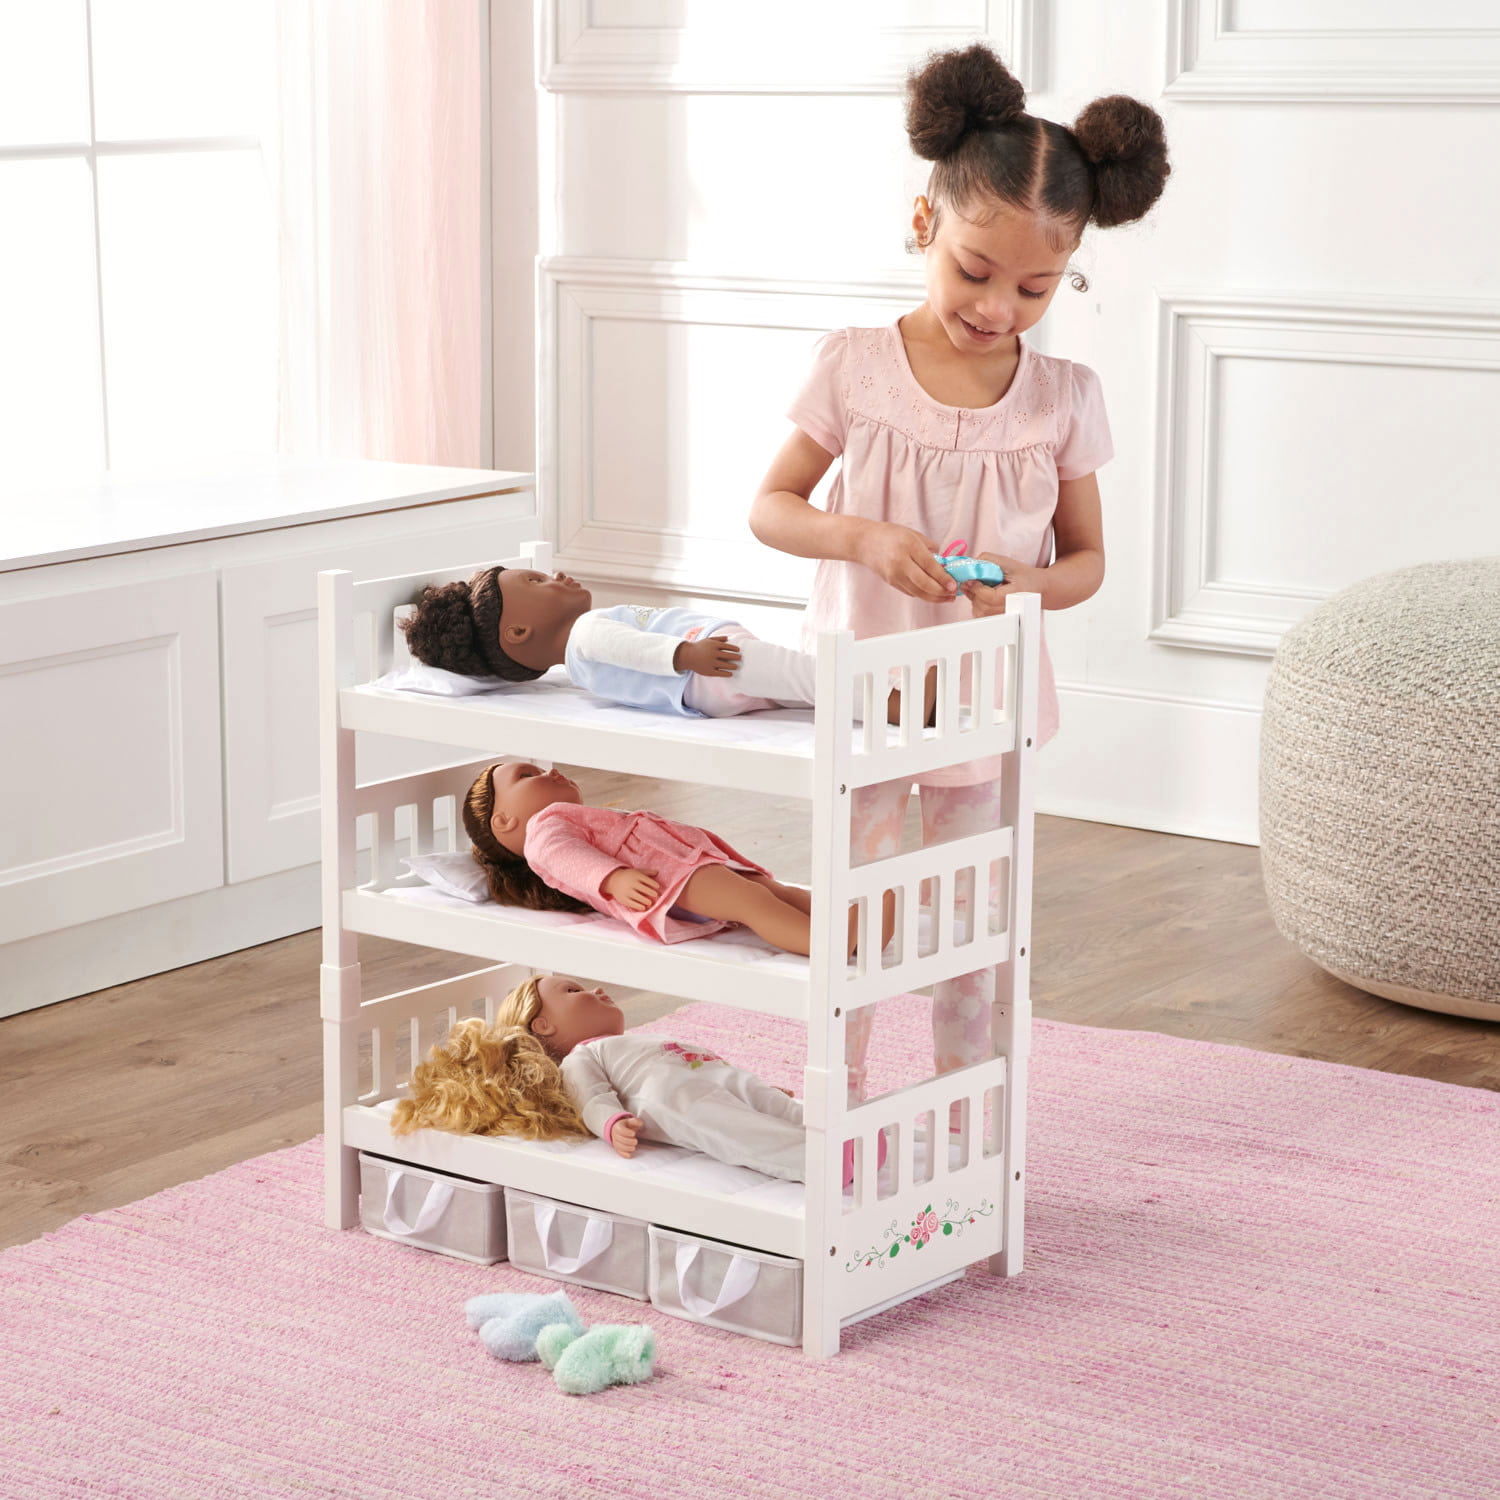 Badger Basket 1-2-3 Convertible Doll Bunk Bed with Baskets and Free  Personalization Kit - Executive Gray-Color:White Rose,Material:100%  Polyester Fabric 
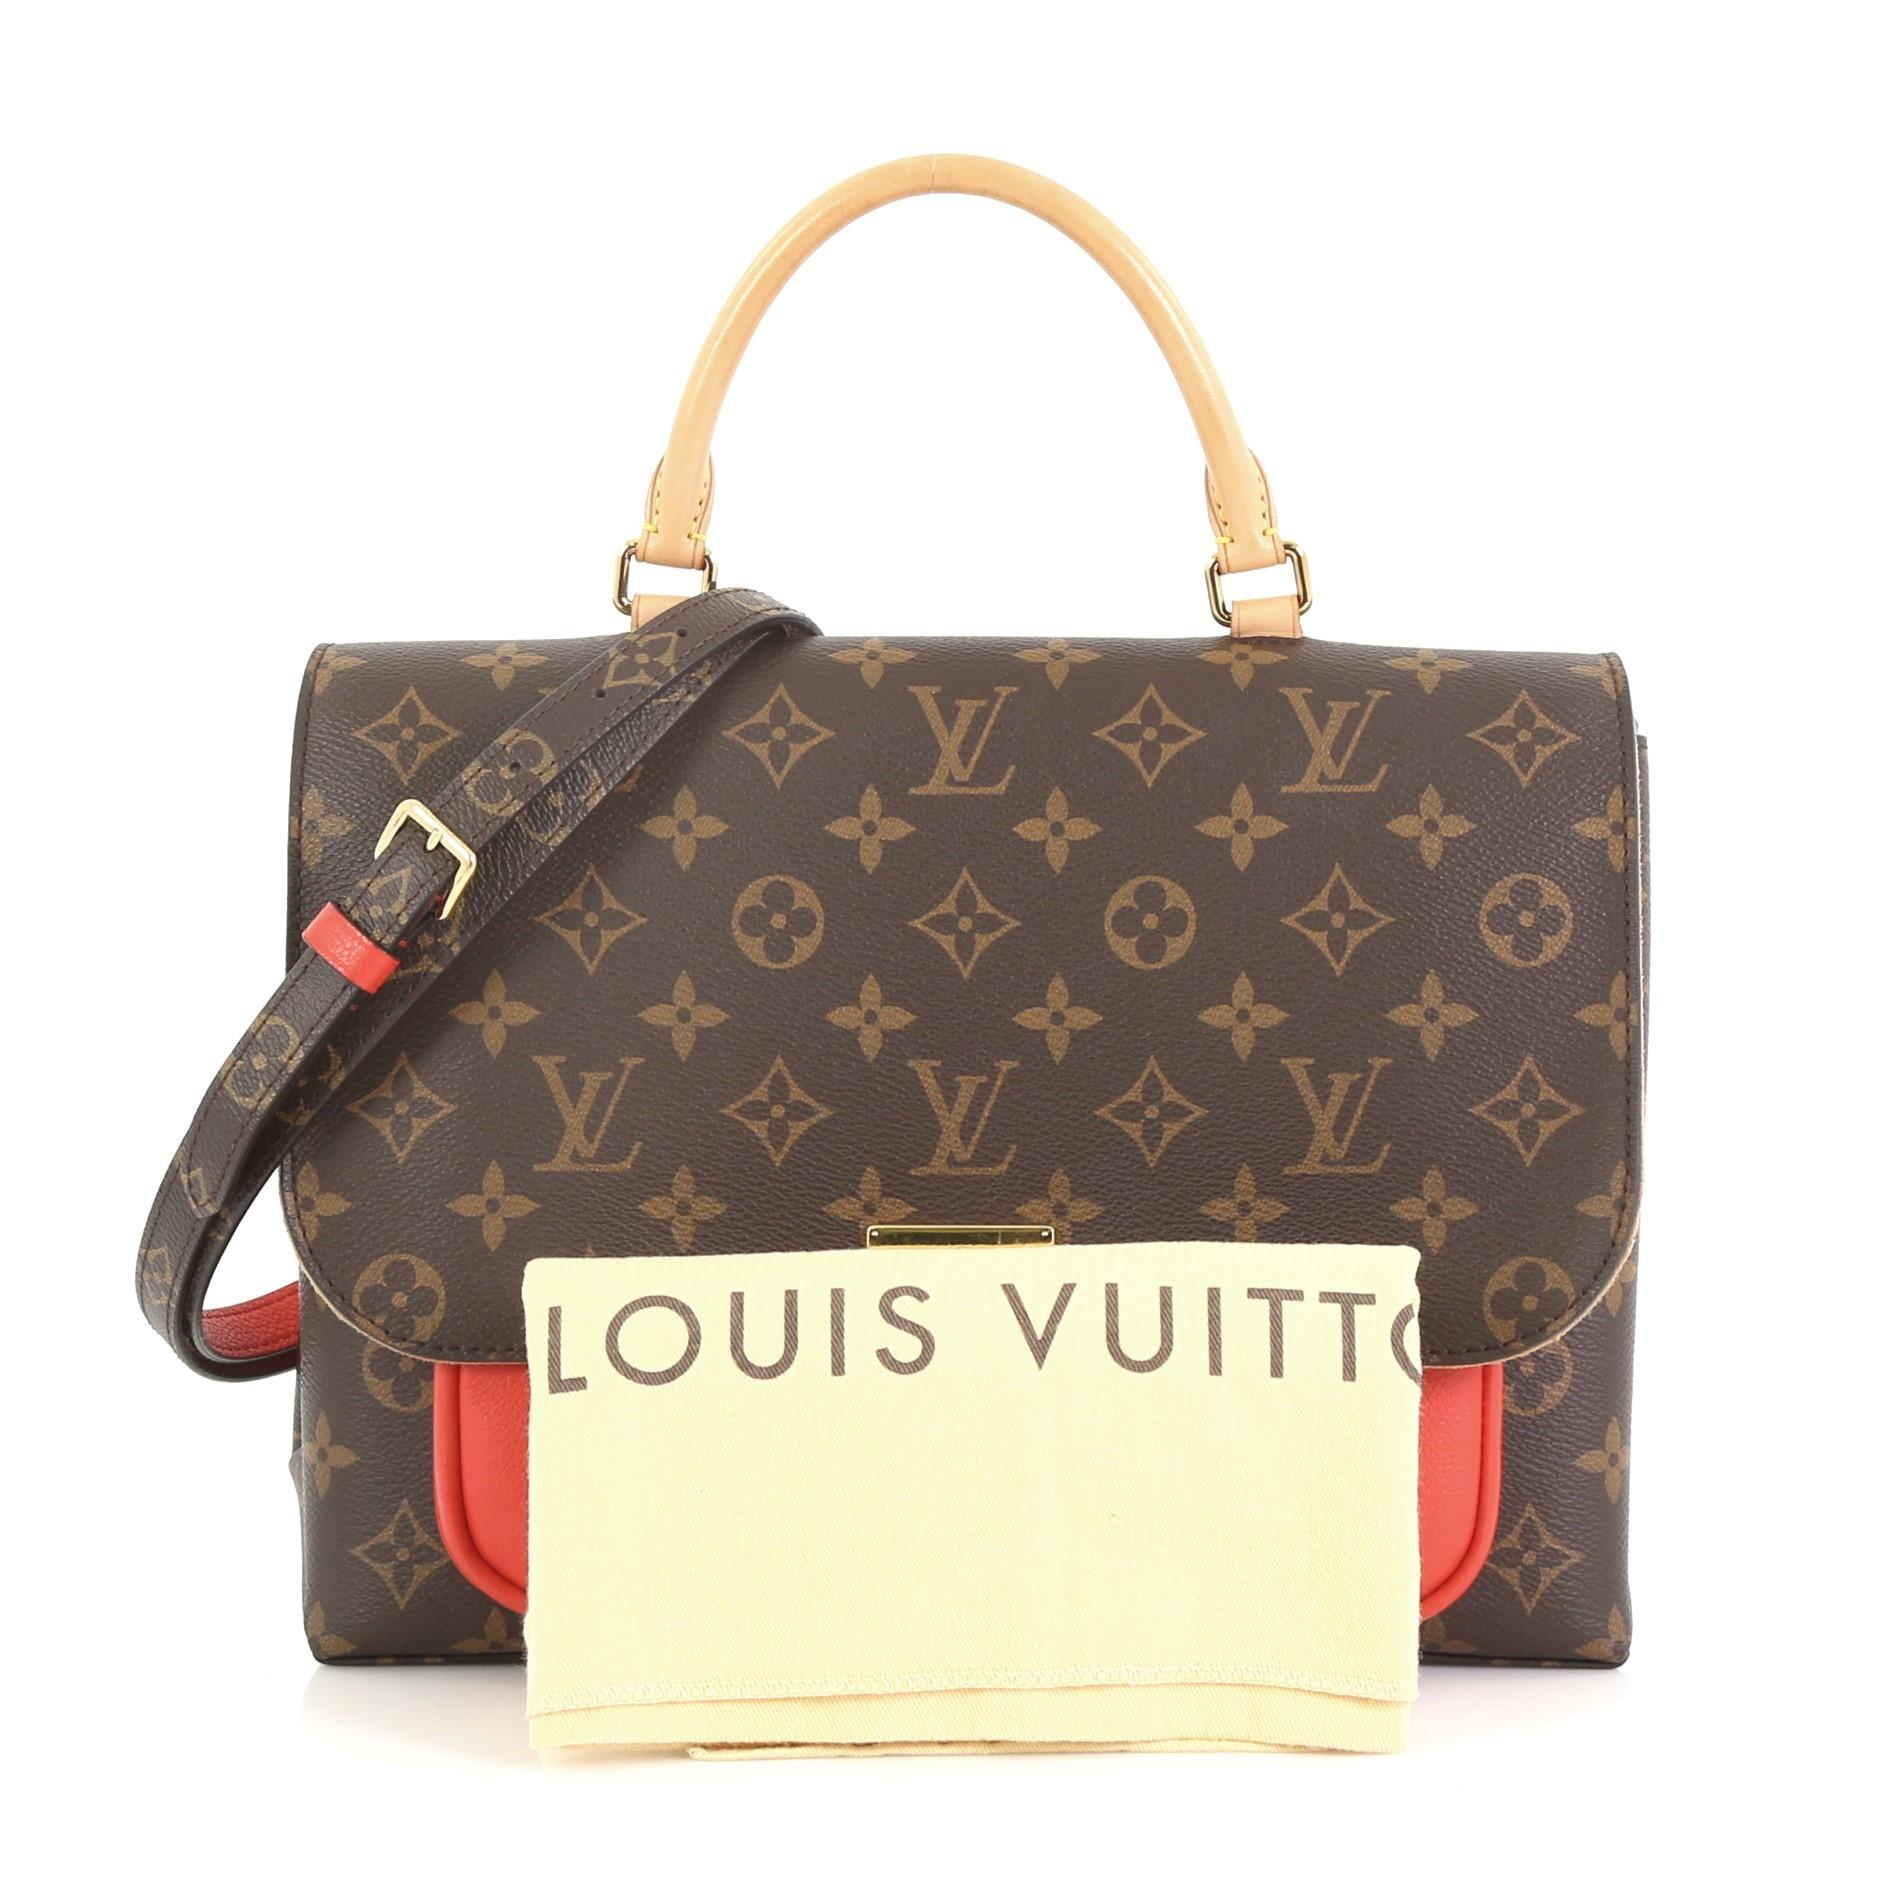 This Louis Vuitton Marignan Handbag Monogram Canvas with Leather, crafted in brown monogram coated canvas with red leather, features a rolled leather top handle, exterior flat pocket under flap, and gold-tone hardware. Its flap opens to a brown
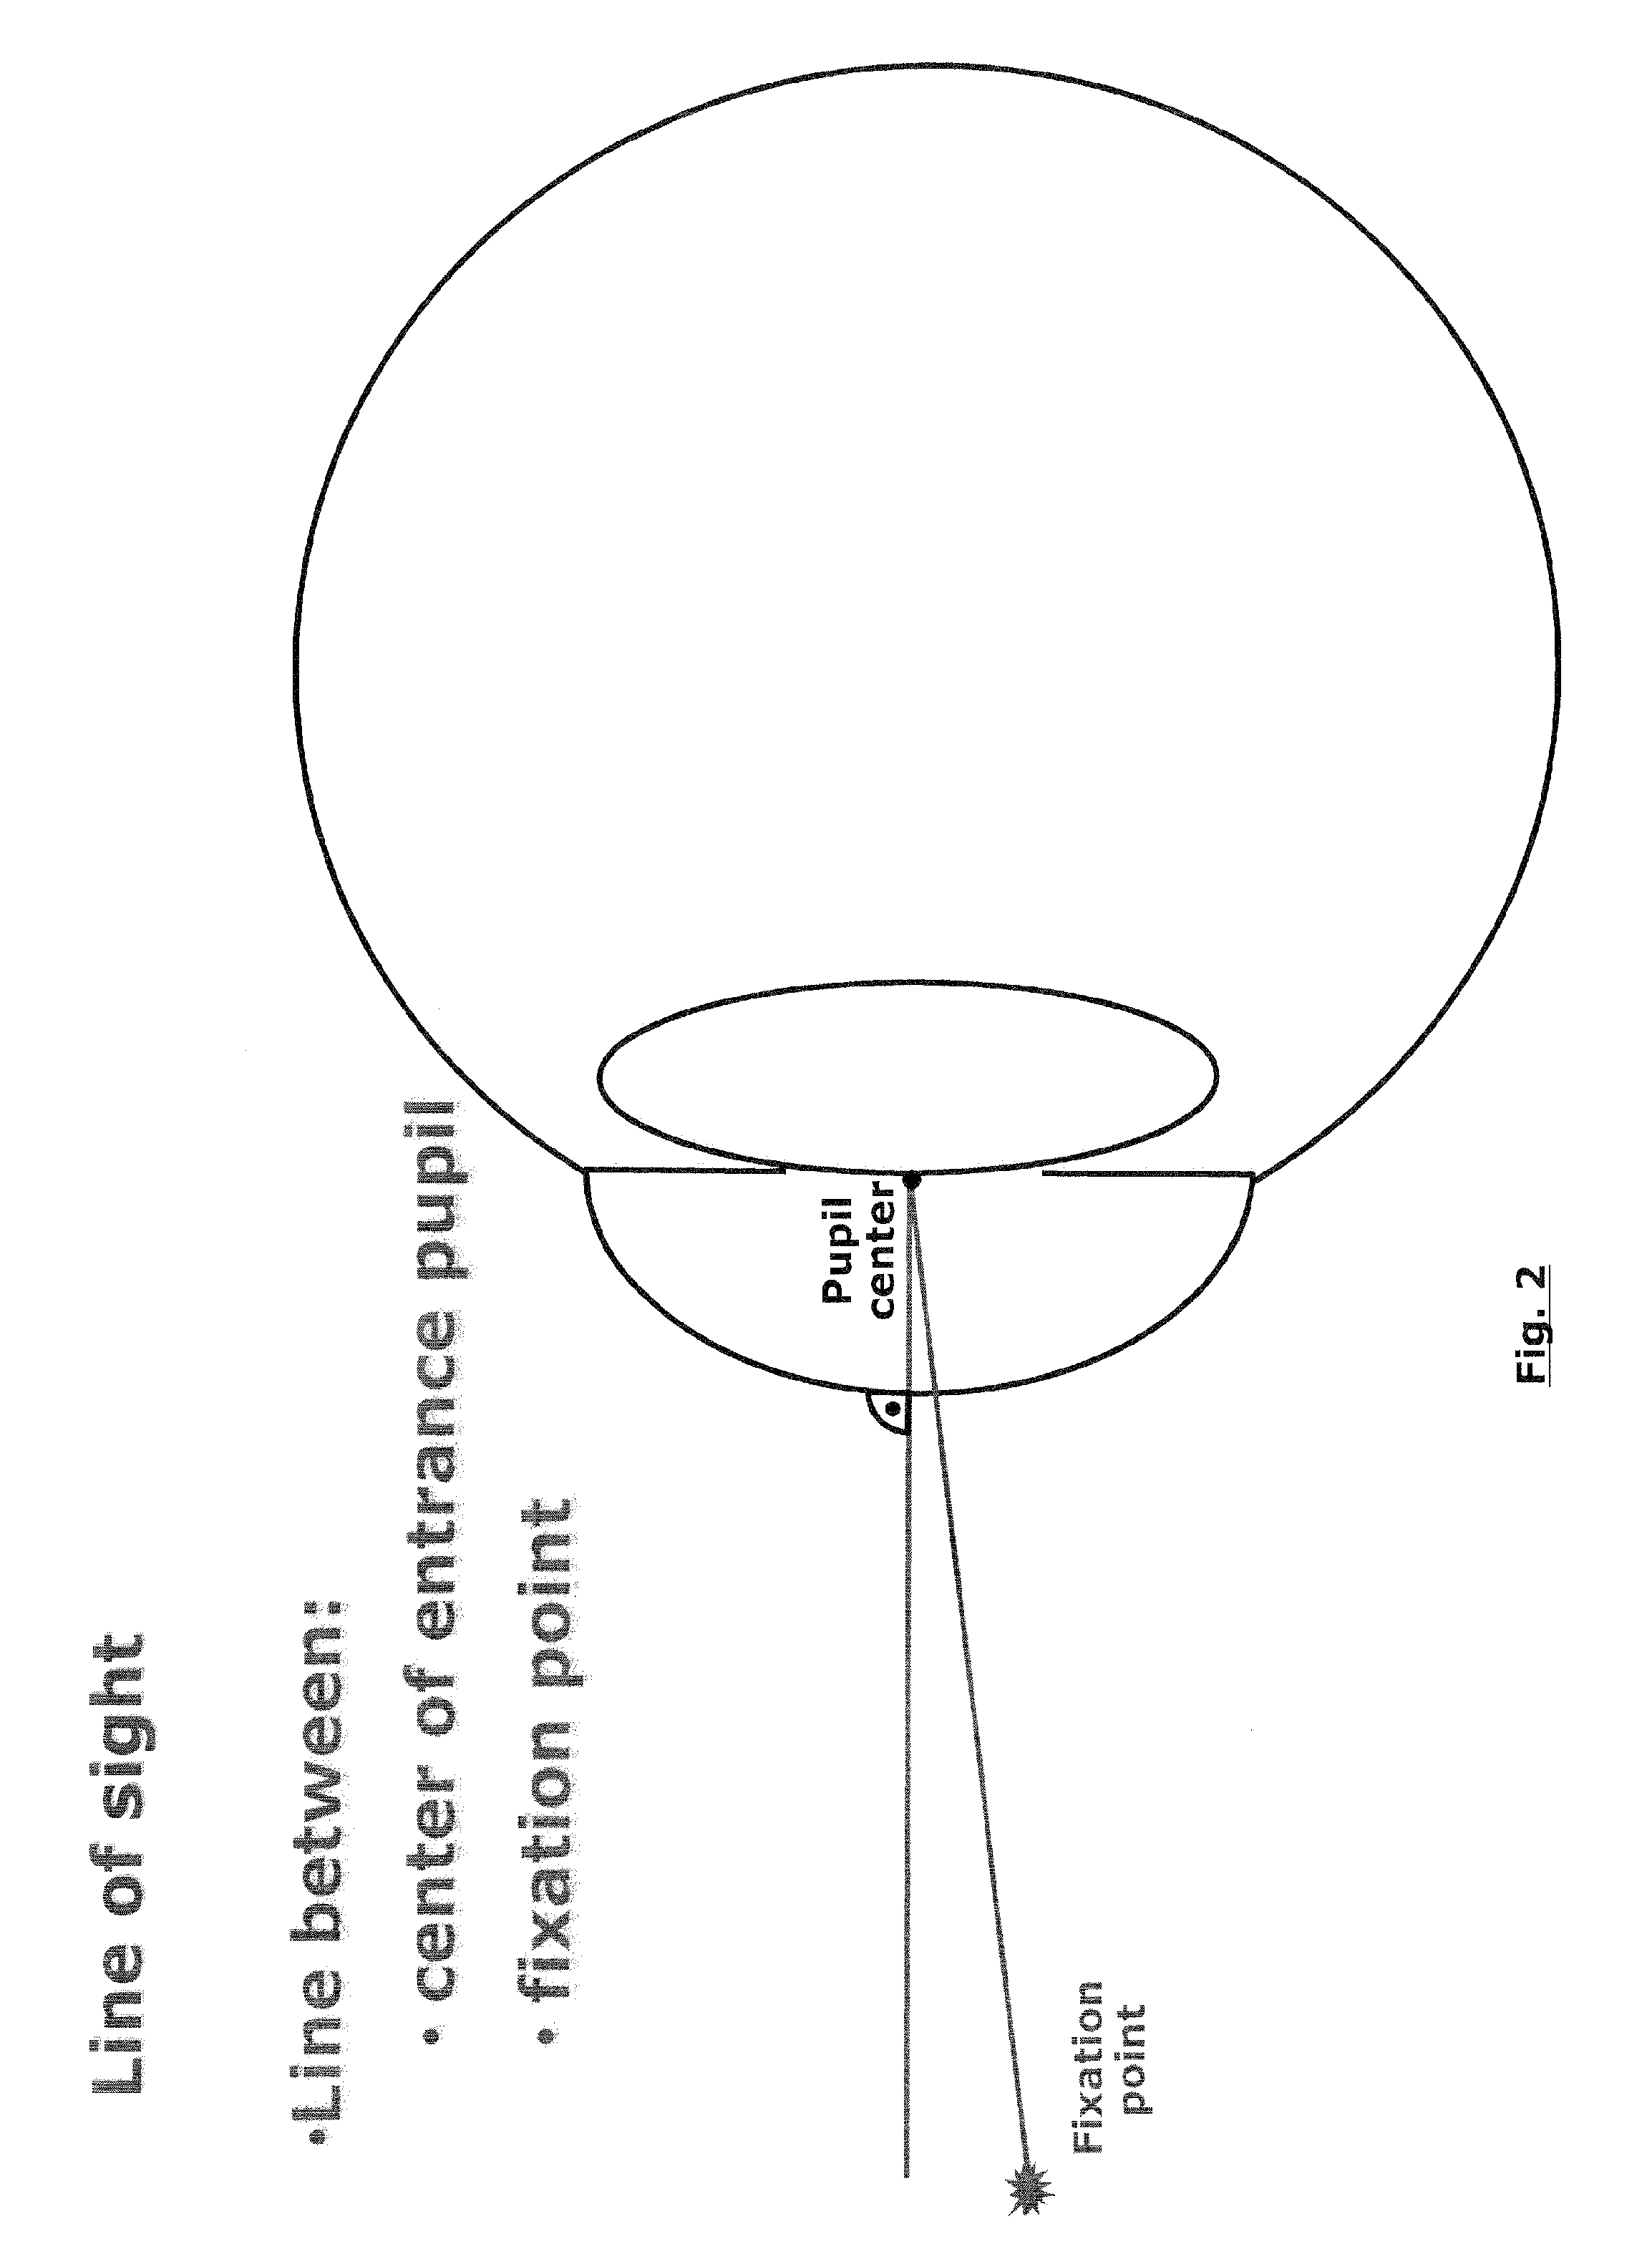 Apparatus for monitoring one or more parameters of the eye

Task details: Only the pictures are to be left out; the rest of the material above should be printed verbatim.

Answer box:
 Badger Basket 1-2-3 Convertible Doll Bunk Bed with Baskets and Free  Personalization Kit - Executive Gray-Color:White Rose,Material:100%  Polyester Fabric 
 This Louis Vuitton Marignan Handbag Monogram Canvas with Leather, crafted in brown monogram coated canvas with red leather, features a rolled leather top handle, exterior flat pocket under flap, and gold-tone hardware. Its flap opens to a brown
 Apparatus for monitoring one or more parameters of the eye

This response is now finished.